The Greeks pushed outward into the world. They set up colonies and founded cities in the Western Mediterranean. Famously, on Sicily and on the southern end of Italy. To the north in Italy, along the Tiber River, another people were figuring out how to live together--the Romans. But, their international story and the spread of the second "world" language, Latin, would come later. At this time, if you wanted to be relevant beyond your local town, you spoke Greek, or Persian, or Egyptian, or Aramaic.
Then, in the third century BC, Alexander the Great took all of the Greek mainland and steered his army through all of the great centers of the Ancient World. Things Greek spread from Egypt to India. From the northern deserts of Arabia to the hills of Armenia. Even great Persia fell to spectacular Alexander. He was, by the way, Macedonian, coming from a land north of Greece proper. The Greek Greeks considered him a polished barbarian--Greek in appearance and style, but still a barbarian with a Greek surface.
And that's what the "world' became for a time. A Greek-looking world, speaking Greek, taking on Greek forms, learning and expressing Greek ideals. The Greek language became the language of trade, politics, and science and it stayed that way to a greater or lesser extent for the next 2,000 years. Everybody had to deal with a Greek way of life. Some loved it, dived in with both feet. Some resisted or tried to find accommodation with their way of living. Famously, because it's recorded, the Jews, who both resisted and created accommodations that reverberated down the centuries, right to us. If you are Jewish, or Christian, or Muslim, much of what you think and "know" is filtered through ancient Greek ideas, either directly or via a circuitous route that, when traced back, runs right through Greek stuff.
Back in the Mediterranean meanwhile, the Romans would pick up their alphabet from their neighbors to the north, the Etruscans, who got it from their Greek neighbors in the southern part of Italy (that's how circuitous routes often work). The Romans, though uniquely Roman in so many ways that would shortly make the world tremble and bow, adored things Greek. They modeled much of their life on Greek ideas and ideals. Greek became Roman, Roman became Greek, and only the languages competed, sharing prominence in speech and literature. It became the mark of a cultured Roman citizen to speak, read, and write Greek. Though, just like us today in America, it was also a mark of pride in being "truly" Roman to deny understanding Greek--just like Americans today might bitch about being asked to punch a phone key to decide which language will be spoken. "Everybody knows all Americans should speak English!" How very Roman of you.

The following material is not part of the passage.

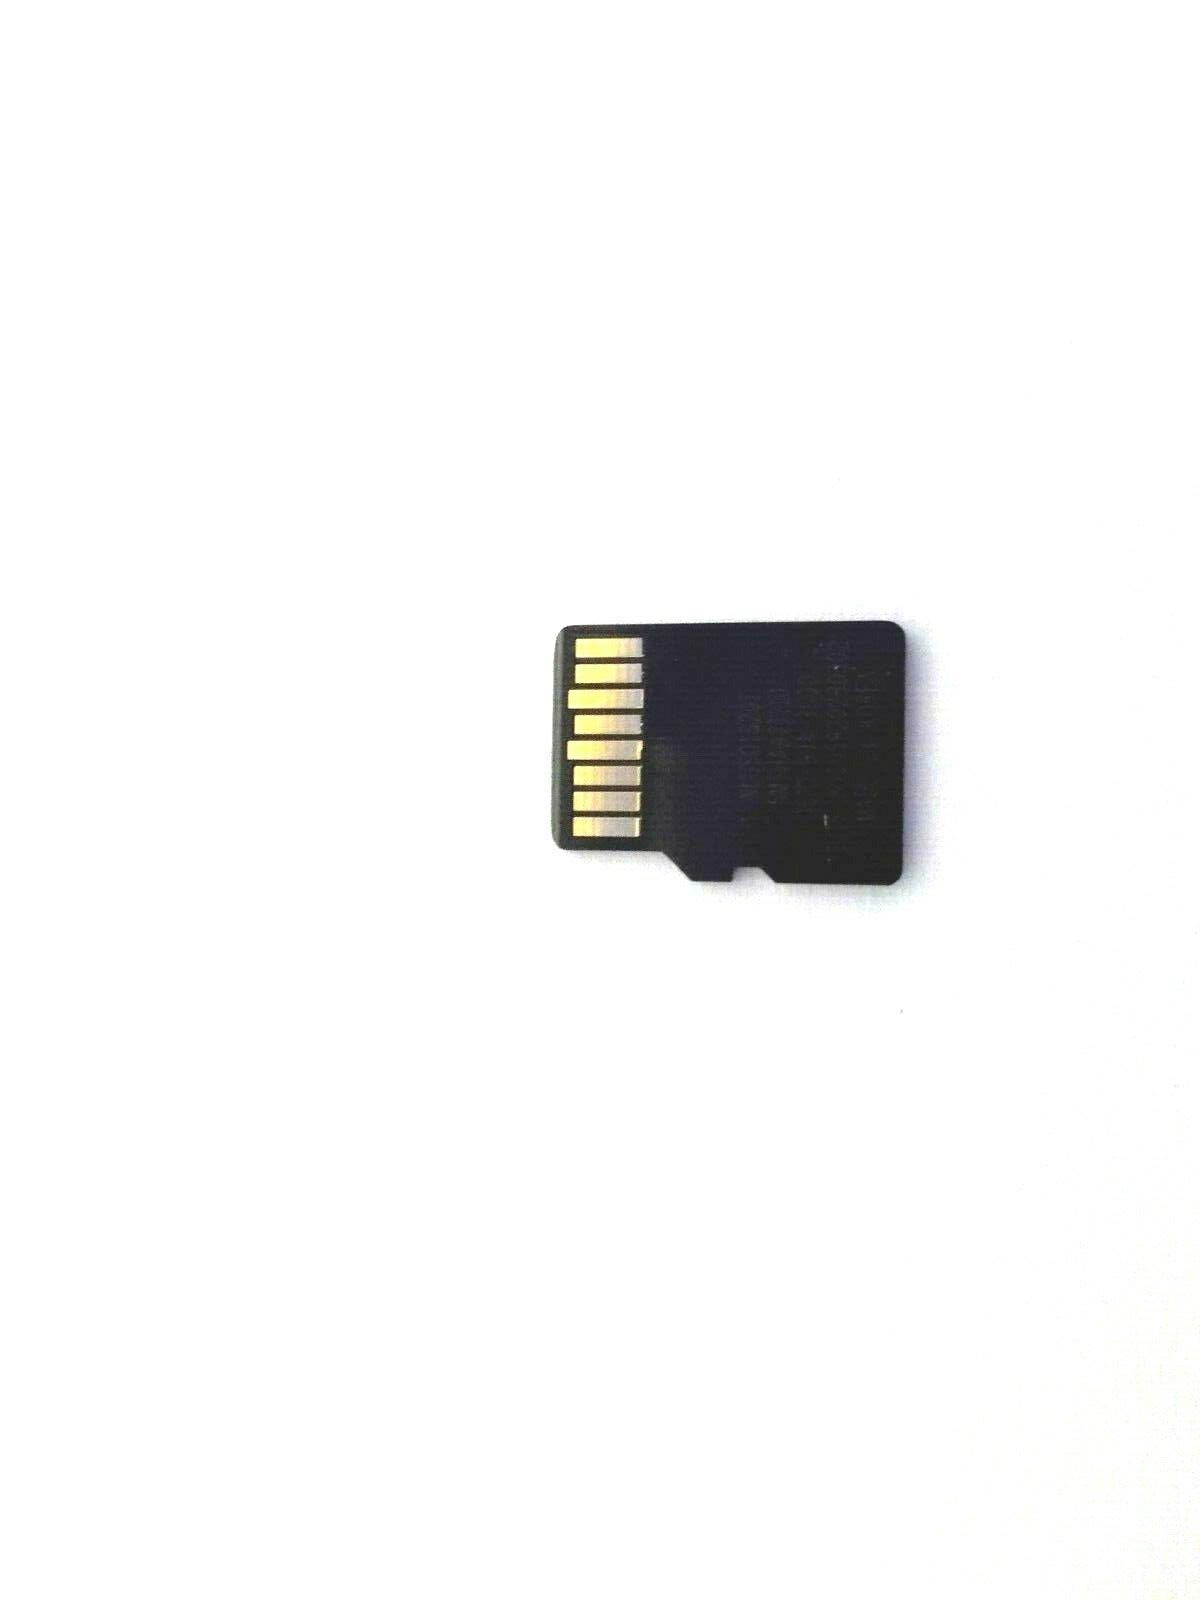 New Genuine  Dell NETLIST NLUS01G20I 1GB Memory MICROSD Card P/N 3DTFD

It was in a play about a Roman that English got one of its first recorded uses of the Greek expression. It's used in William Shakespear's "The Tragedy of Julius Caesar." Anything written by Shakespeare or in the Bible pretty much guarantees it will come down to us. We daily mouth expressions that show up in the Bible or from the pen of Shakespeare, seldom understanding where it came from. Much of what you think and seldom consider is the creation of people who lived hundreds of years ago. Your mind and your ideas, in large part, were created all that time ago.
So, it's OK if it's all Greek to you. Consider that a good thing. And examine it. As an oldey timey Greek (Socrates) once said, "The unexamined life is not worth living." Maybe some clever one among us knows how to write that in the original Greek.